Le sigh. The arbor-shaded walkway leading out of our little private garden haven of wine and cheese and back to the public area of the winery. It was a real shame to have to leave.


Before leaving we, of course, had to buy a few bottles. Sadly, the musee was quite a bit our of our price range (though I feel sure we'll be grabbing up a bottle or two before they're all gone - apparently there's only about 30% of the original run left) but we went away with a bottle each of the Gallery white, the rose, and the Taste Red, all of which my mother generously footed the bill for as a birthday gift. Thanks Mom!

(And as further proof of the value they place on their customers, we were not only given a bit of a break on the price of the tour itself because of "the heat in the garden" but we were also given an extra discount over the usual one offered to tour members. Anyplace that gives us bonuses like that, completely unsolicited, is automatically ranked pretty high in my book.)

All in all, this was a truly wonderful experience, one that I'm grateful to have had. I learned far more than I would have expected about the process and business of winemaking, and got to eat and drink tons of good things, and spend lots of time outdoors in a beautiful place on a gloriously sunny day. Does it really get any better than that? I don't think so. And in case you're wondering, we will definitely be going back, and will definitely be buying more of their wine.

Of course, having a few bottles in our hand right now, we just couldn't resist the opportunity to repeat the experience at home, albeit on a much smaller scale. :)


I can't think of a better way to relax on a warm Sunday afternoon than with a great bottle of wine, a plate of cheese and munchies, and my honey to share it all with.


Our private wine-and-cheese party consisted of a bottle of that fantastic Corey Creek rose (which I must admit we did not properly chill - oddly, it seemed to be at its best when quite cool), two kinds of cheese (drunken goat, which is goat's cheese that is aged with grape must, and fiore de sardegna, which was a random choice at the store this week and is completely delicious, nutty and almost tart with a texture like manchego), a fuji apple all sliced up, plus a few marinated mushrooms, almond-stuffed green olives, tri-color cerignola olives, and some tiny sweet grape tomatoes.


I just love the way this wine looks when the sun hits it. (Also, my pictures look so much better when taken in natural light!
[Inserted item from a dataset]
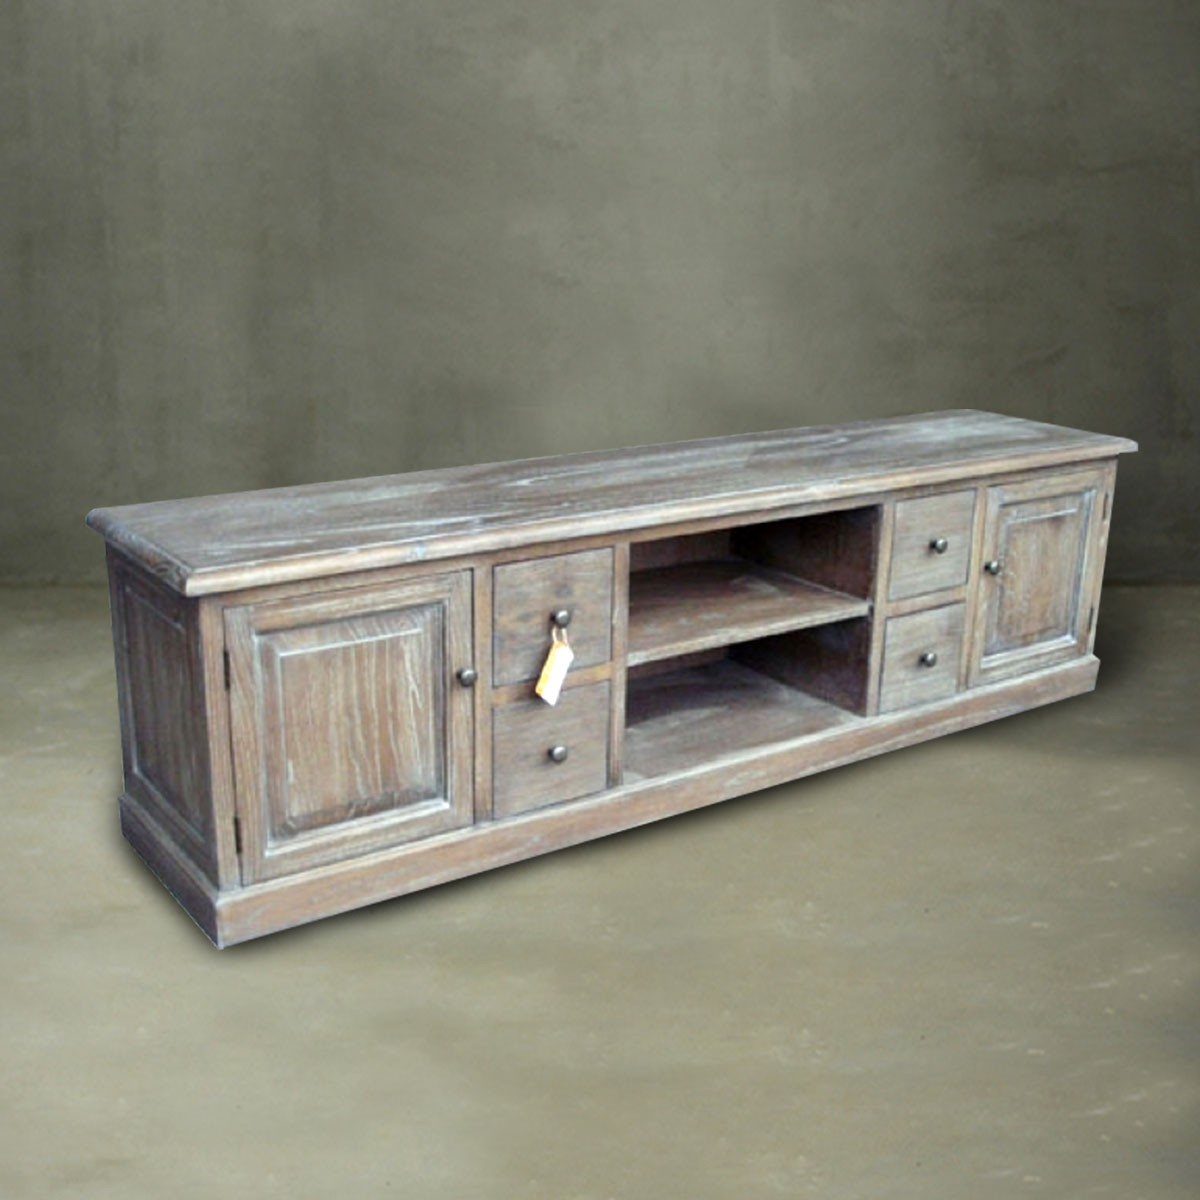 72.0u201cW Solid Wood Media Cabinet (PJG016)

Our apartment is just too dark to take good photos, and I'm too lazy to set up a proper light box. I think I'll have to work on that.)


Though our outdoor patio isn't quite as quiet or pretty as the vineyard was, and though we didn't have the extravagant collection of tastes to savor, it was still a perfectly lovely way to spend an afternoon. Who says you have to drive an hour just to feel grown-up and sophisticated?

(Clearly, though, we were just pretending, because just a few hours later we were walking to the grocery store for beer and Elios frozen pizza for dinner. What? I know its trashy, but even a gourmet cook just wants some Kraft mac-n-cheese every so often!)

Bedell Cellars Vineyard and Winery
36225 Main Road, (Rt. 25)
Cutchogue, NY 11935
Phone: (631) 734-7537
http://www.bedellcellars.com

What we did:
Proprietors Garden VIP Tour and Tasting
Weekends at 12 & 3pm
$50 per person
Call up the vineyard and ask for Matt - he'll be able to set you up. Just call a week or two in advance to be sure there'll be an open spot for your party. For bigger groups, there's always the snatdard VIP Tour and tasting, which is $35 per person and is the same tour, without the private garden tasting afterwards (though you still get some kind of tasting a tthe end - not too clear on the scope compared to ours).)